Amitav Ghosh’s The Great Derangement is one of the texts that made this connection most explicit for me. The book is dedicated to interrogating the stories we tell ourselves about climate change, and why these narratives are not more widely discussed outside of technical or climate sectors. Ghosh approaches the topic as a writer, and breaks down the “derangement” of ignoring climate change with a deep awareness of the western canon. What makes the work compelling is not only its argument, but its form, where narrative becomes a method of revealing the limits of what dominant frameworks can accommodate. This also resonates with Lauren Berlant’s work on “cruel optimism”, where attachment to existing narrative structures can persist even when they no longer serve lived conditions.
In this sense, Ghosh and Mir are not unrelated references in my thinking, but part of the same conceptual thread. In Mir’s work, there is no insistence on representation as explanation. In Ghosh’s writing, there is a similar refusal to let narrative remain purely descriptive or neutral.
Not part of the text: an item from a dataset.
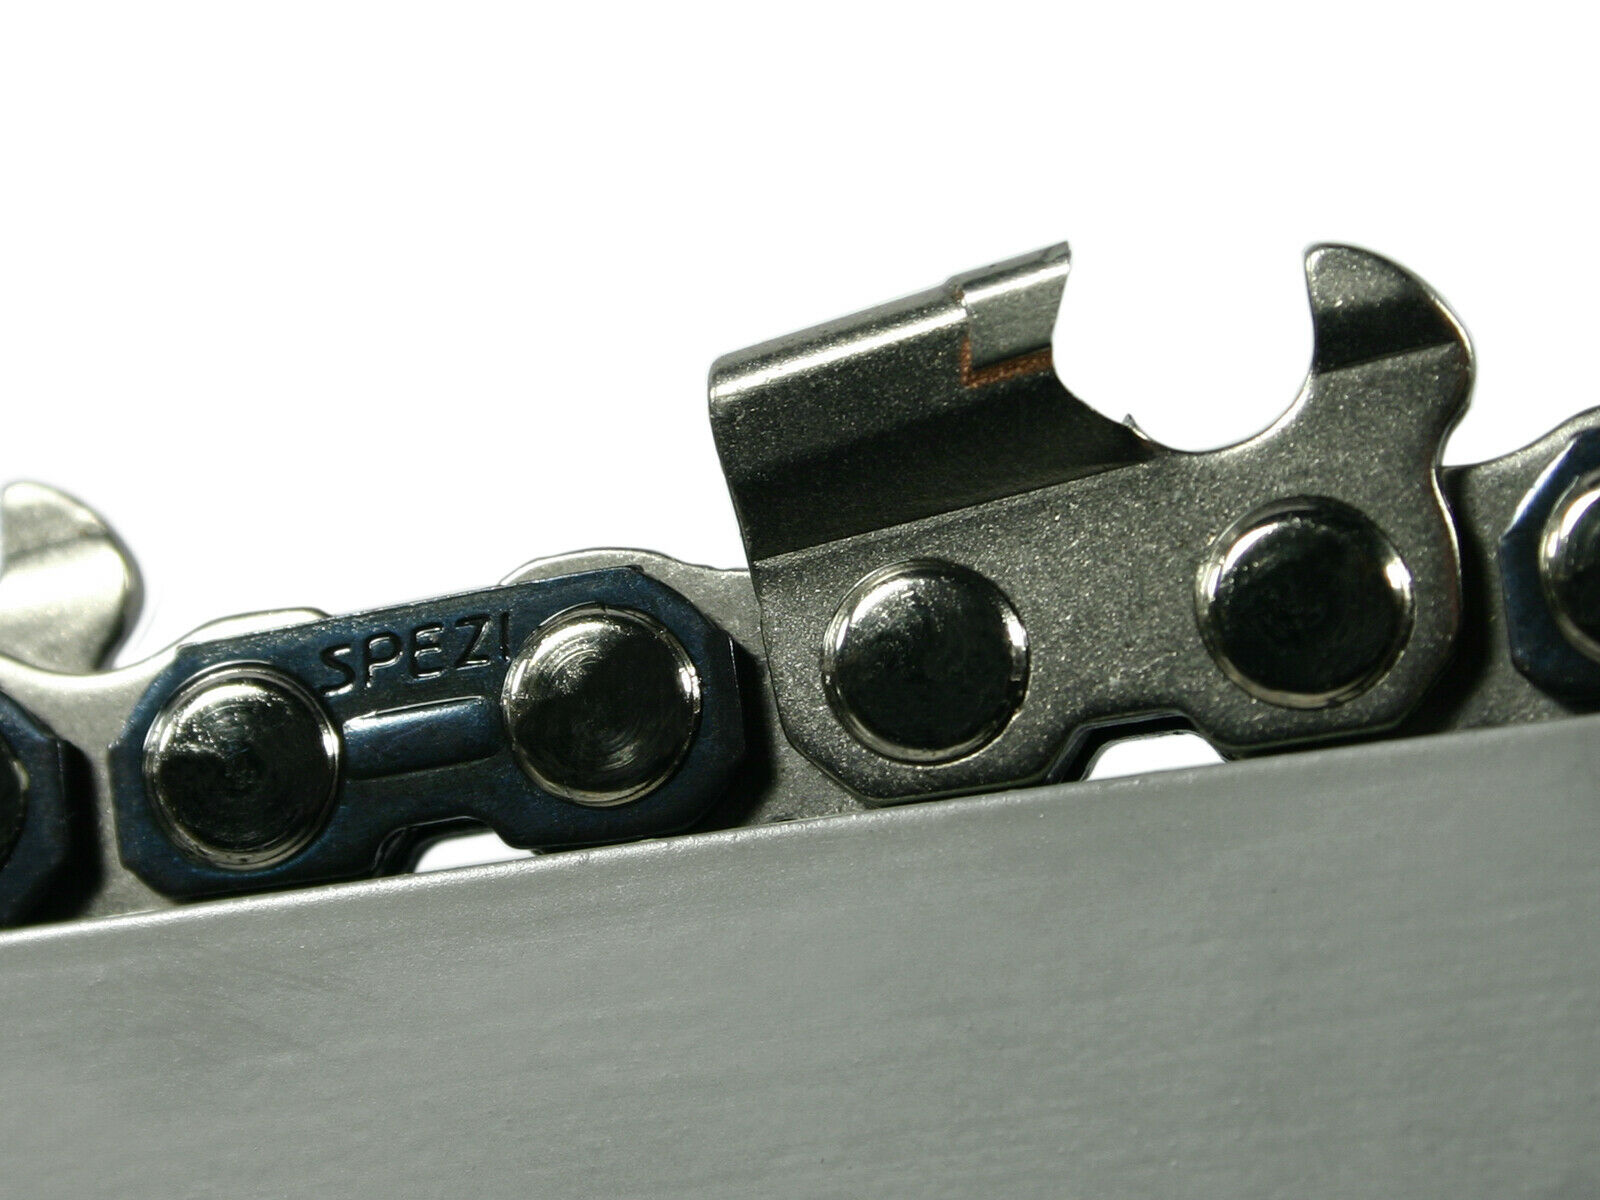 Metal duro para sierra cadena compatible con still 066 MS 660 63 cm 3 8  84 TG 1,6 mm Chain

In both cases, form becomes a way of exposing what otherwise remains structurally unseen.
When I bring these threads together, what I am circling is a definition of artistic intelligence that does not sit inside art practice alone.
Instead, it appears wherever there is a need to work across incompatible systems of meaning without forcing premature coherence. It is present in how urban projects are assembled across disciplines, in how infrastructure is read as narrative, and in how stories shape what becomes thinkable as a solution.
What I continue to return to is that artistic intelligence is not a separate domain of expertise. It is a mode of working with incompleteness. It allows for multiple forms of knowledge to remain active at once, without forcing them into a single explanatory frame. In that sense, it is as much about reading as it is about making, and as much about interpretation as it is about design.
And if this remains unfinished, it is because I do not experience it as a settled concept. It is something I recognize in practice before I can fully define it in theory, and something that continues to shift as I move between research, reading, and work.